The task – What's needed is an exact copy of all the data below, without pictures.

Material provided –
::::::
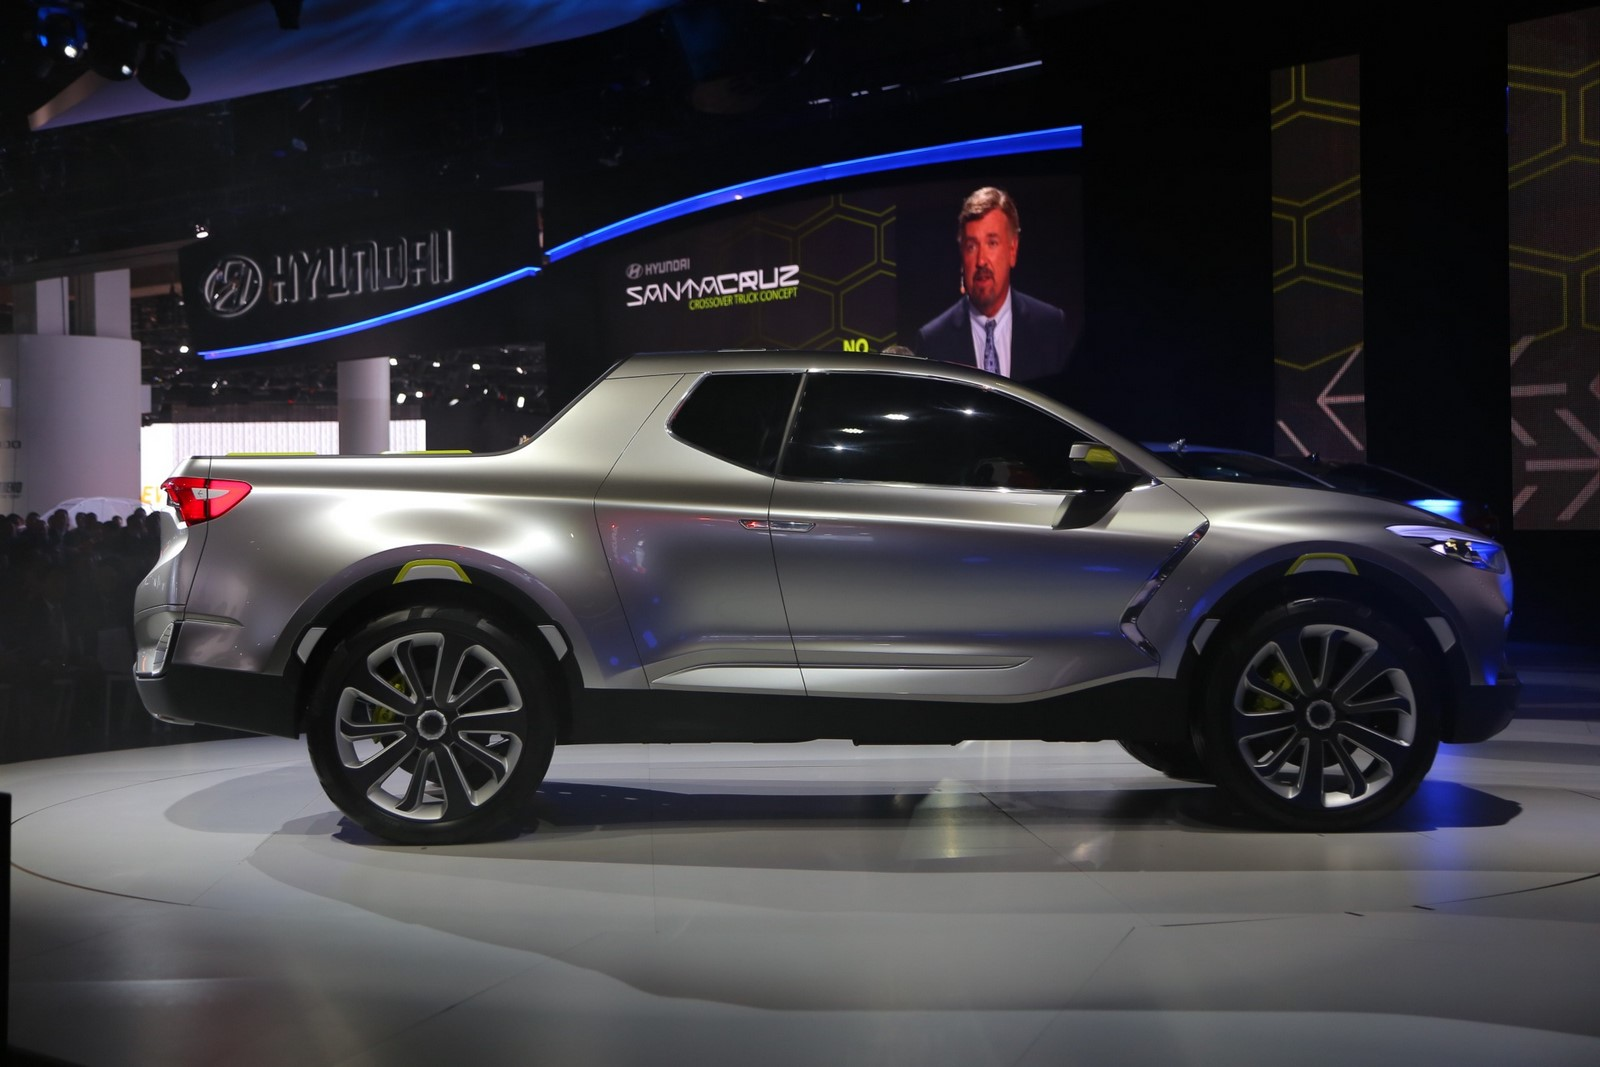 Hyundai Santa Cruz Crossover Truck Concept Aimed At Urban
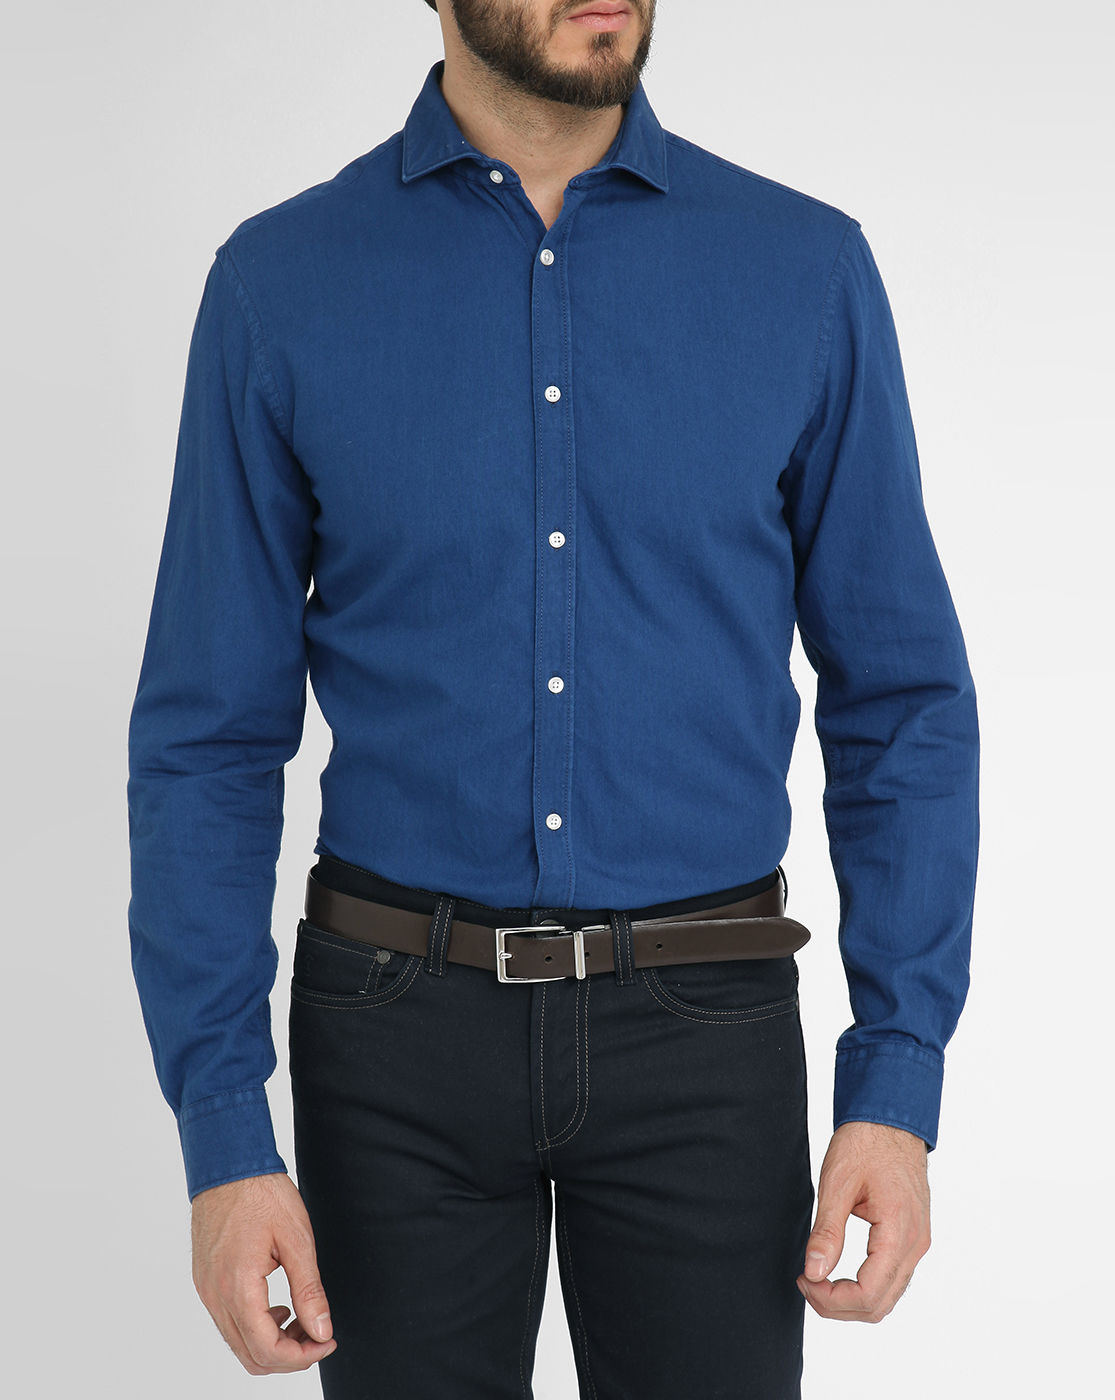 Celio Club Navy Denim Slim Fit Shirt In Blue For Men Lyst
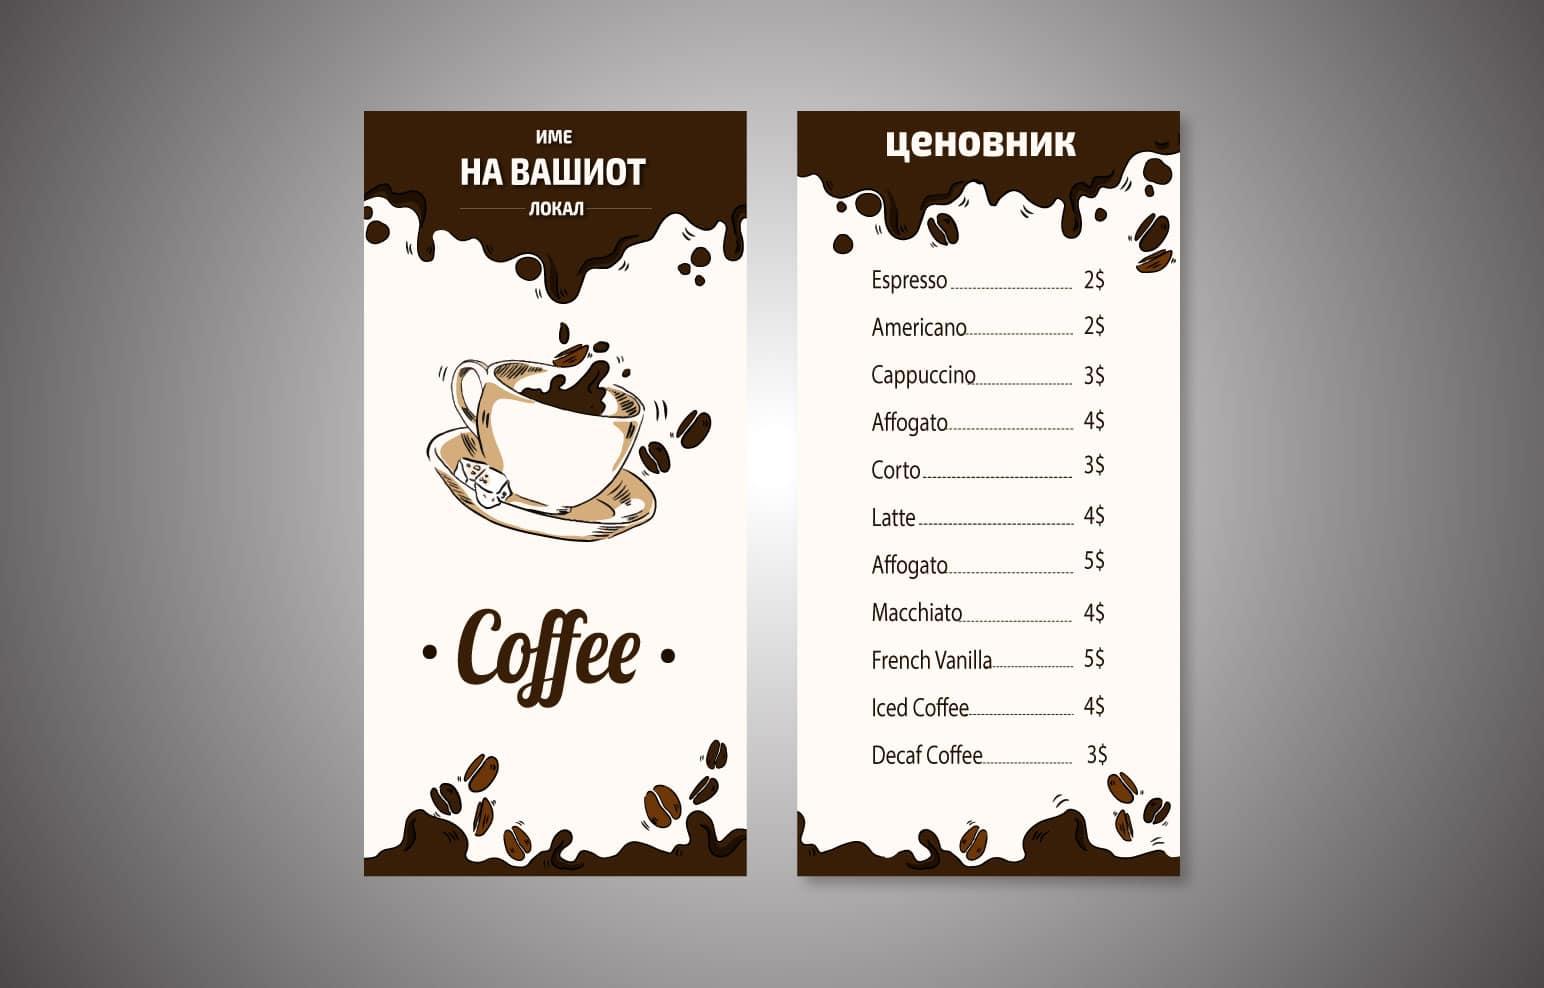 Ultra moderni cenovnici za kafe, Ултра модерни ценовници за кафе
::::::
The answer –
 Hyundai Santa Cruz Crossover Truck Concept Aimed At Urban
 Celio Club Navy Denim Slim Fit Shirt In Blue For Men Lyst
 Ultra moderni cenovnici za kafe, Ултра модерни ценовници за кафе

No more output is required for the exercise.